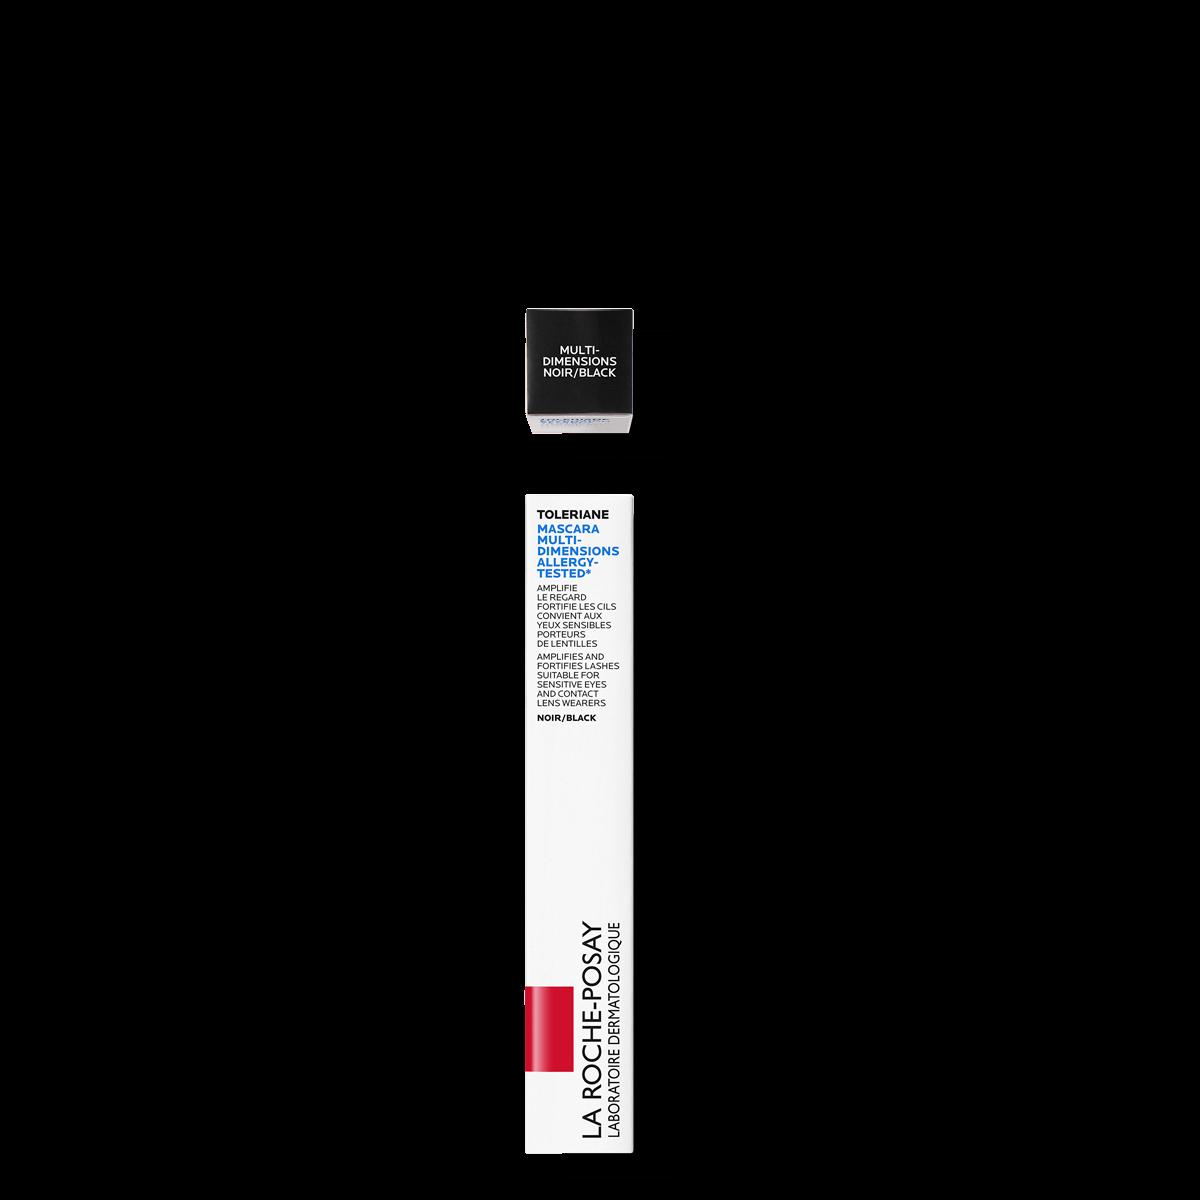 La Roche Posay Sensitiv Toleriane Sminke MULTIDIMENSIONS MASCARA Sor
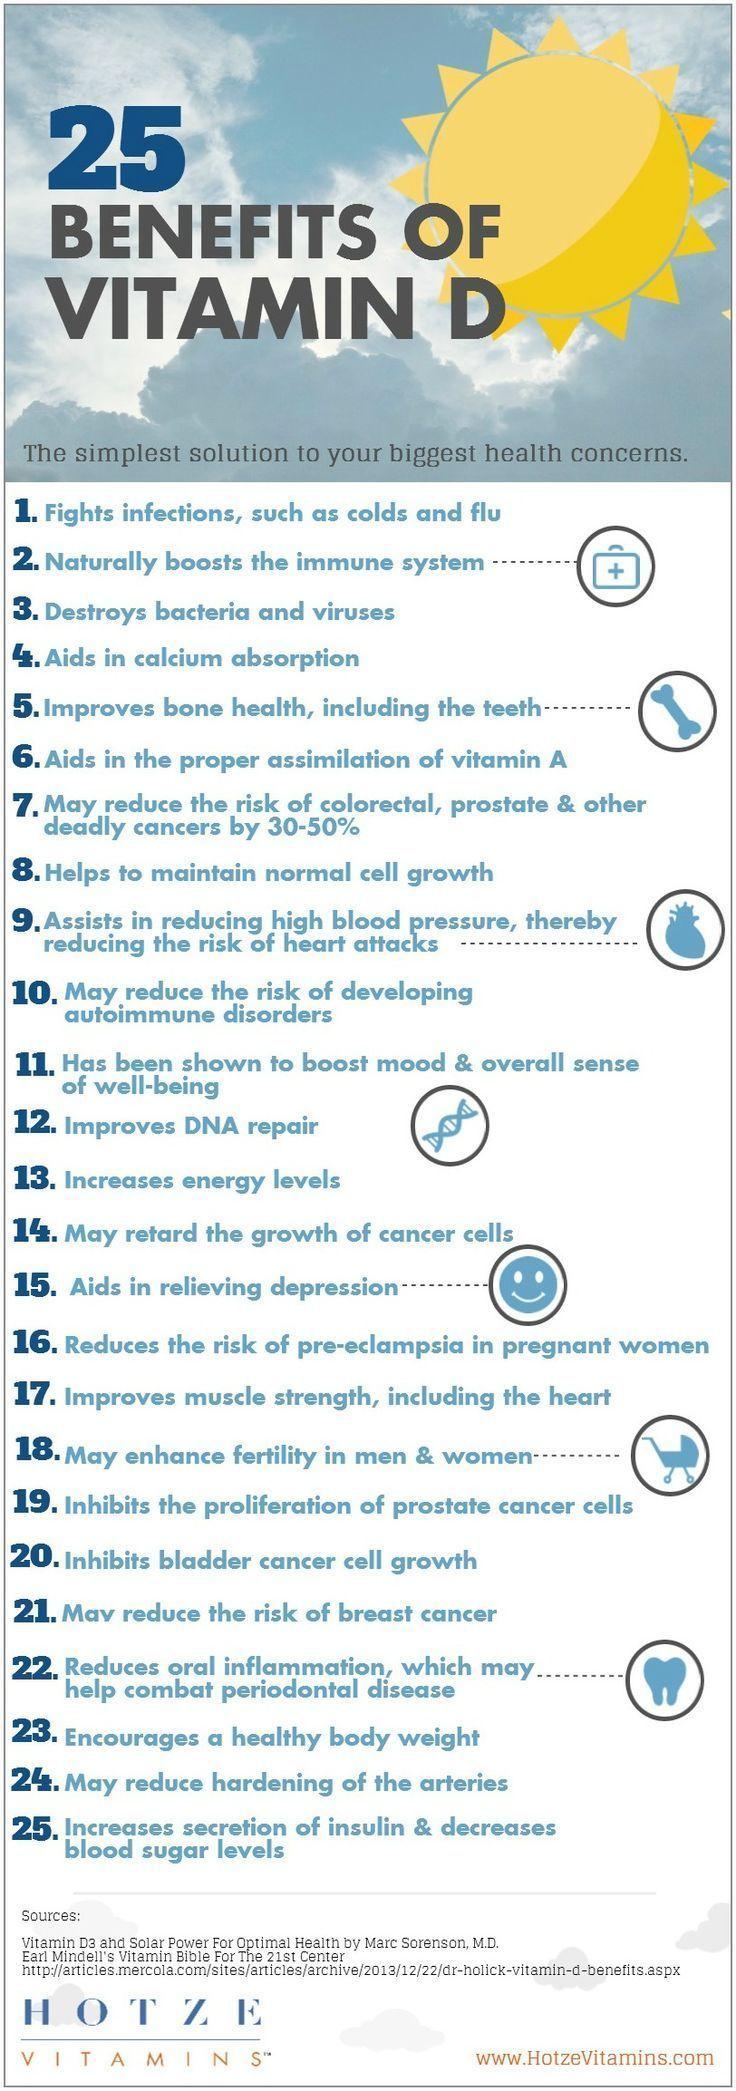 Best 25+ Vitamin d ideas on Pinterest | Vitamin d deficiency ...
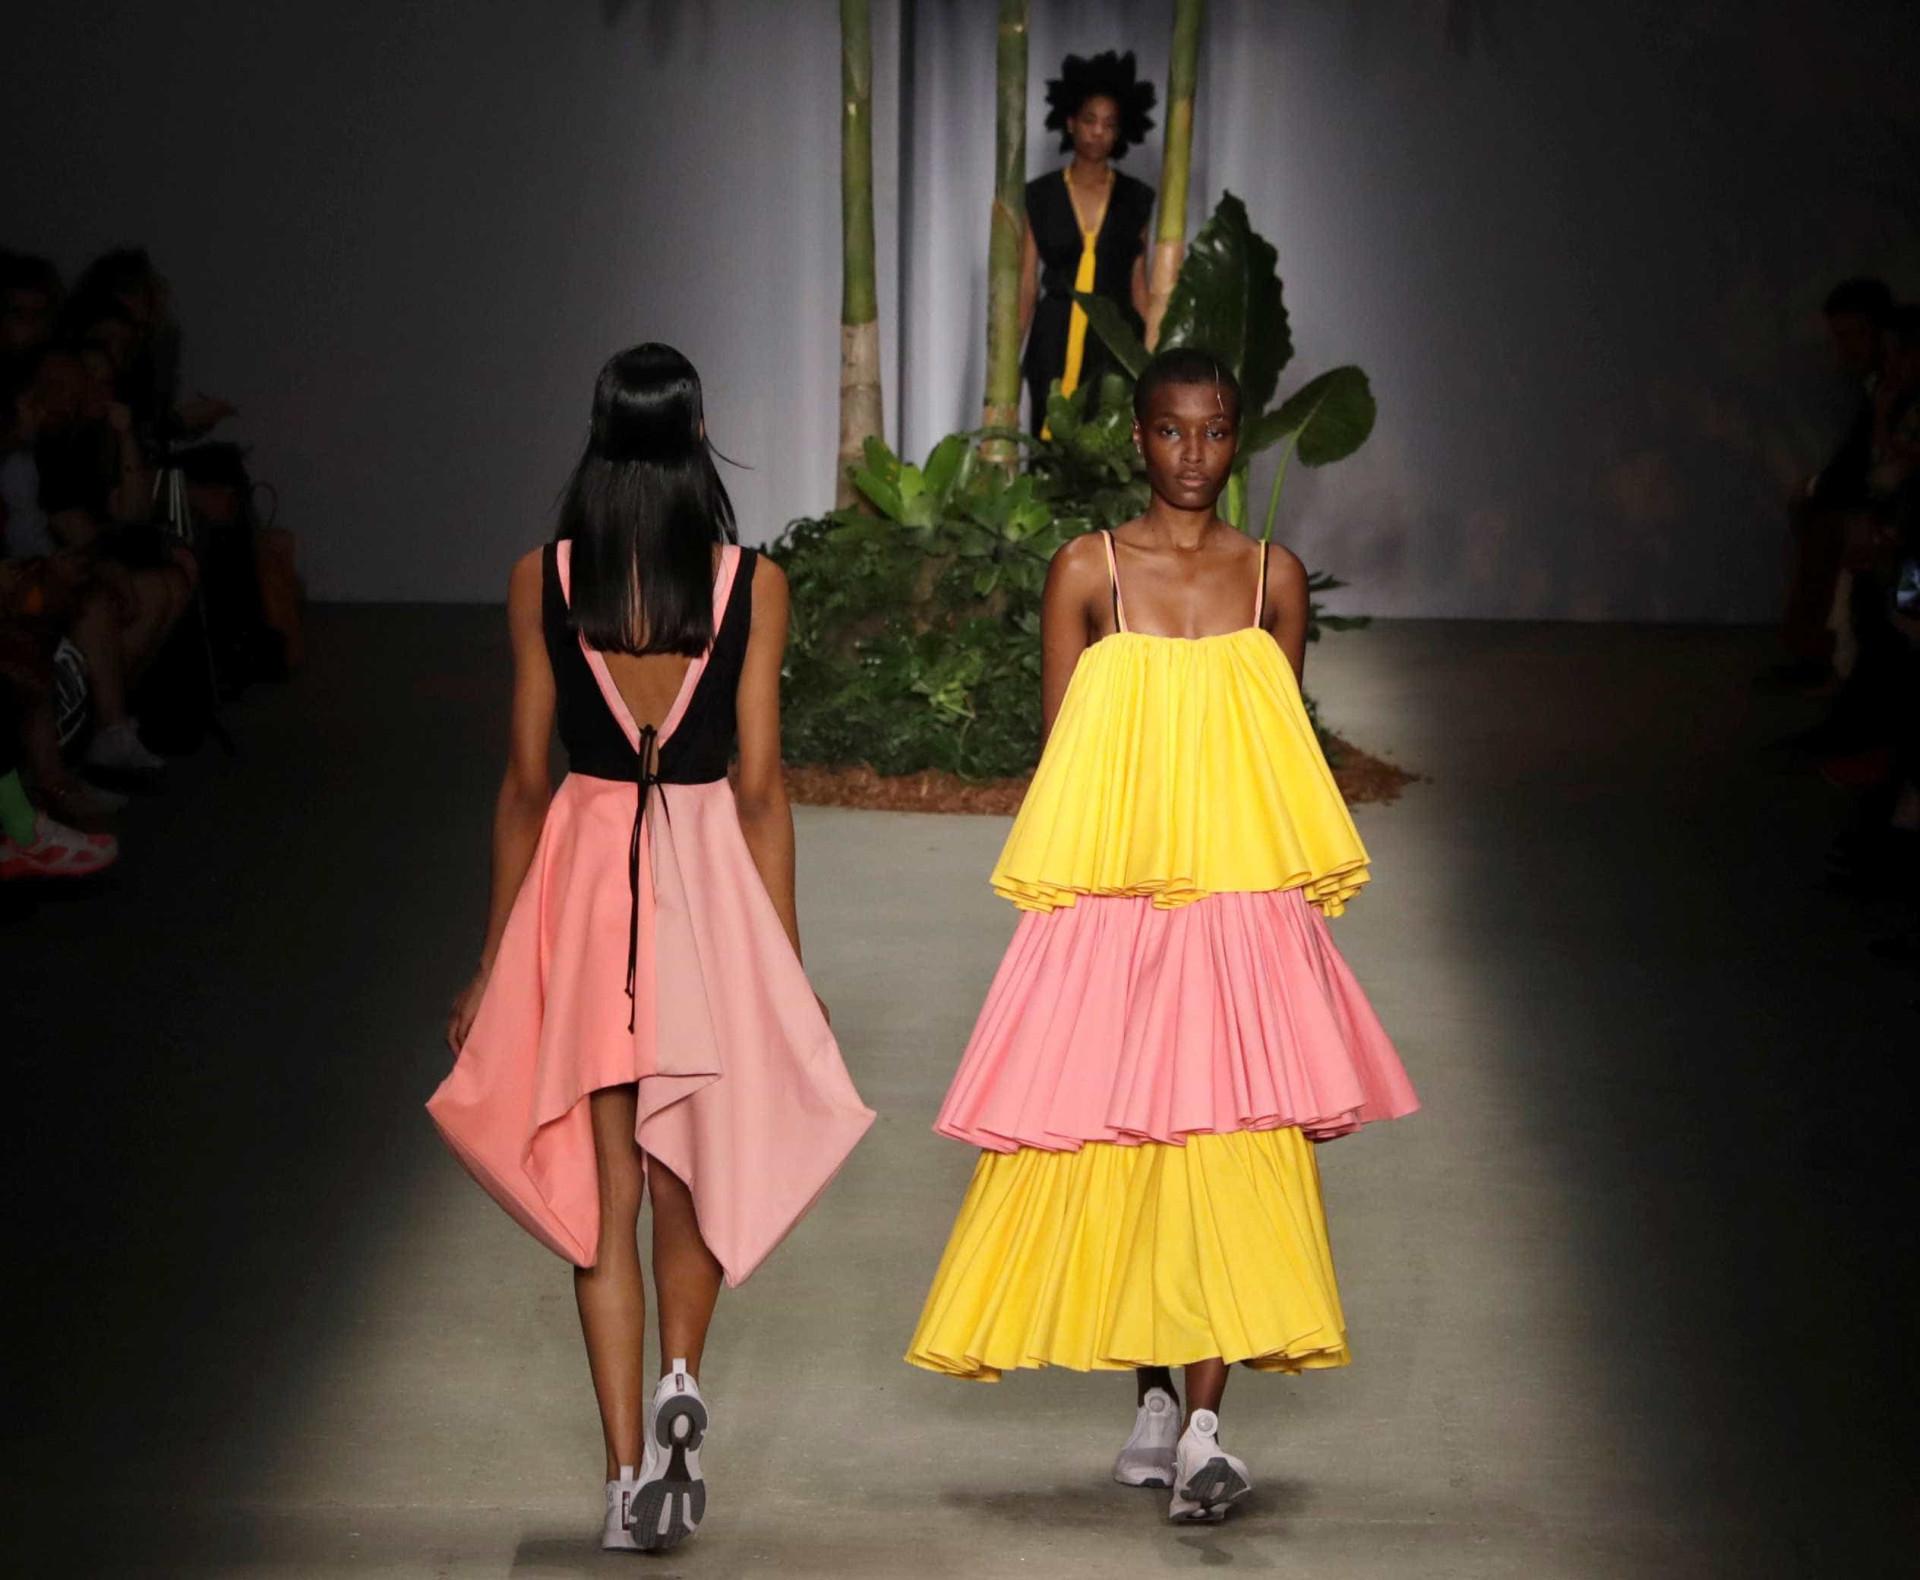 De neon a franjas: 10 tendências para 2019 mostradas na SP Fashion Week
----------------
■ The problem ■
Output the material word for word. Pictures do not go in.

■ Exercise answer ■
 La Roche Posay Sensitiv Toleriane Sminke MULTIDIMENSIONS MASCARA Sor
 Best 25+ Vitamin d ideas on Pinterest | Vitamin d deficiency ...
 De neon a franjas: 10 tendências para 2019 mostradas na SP Fashion Week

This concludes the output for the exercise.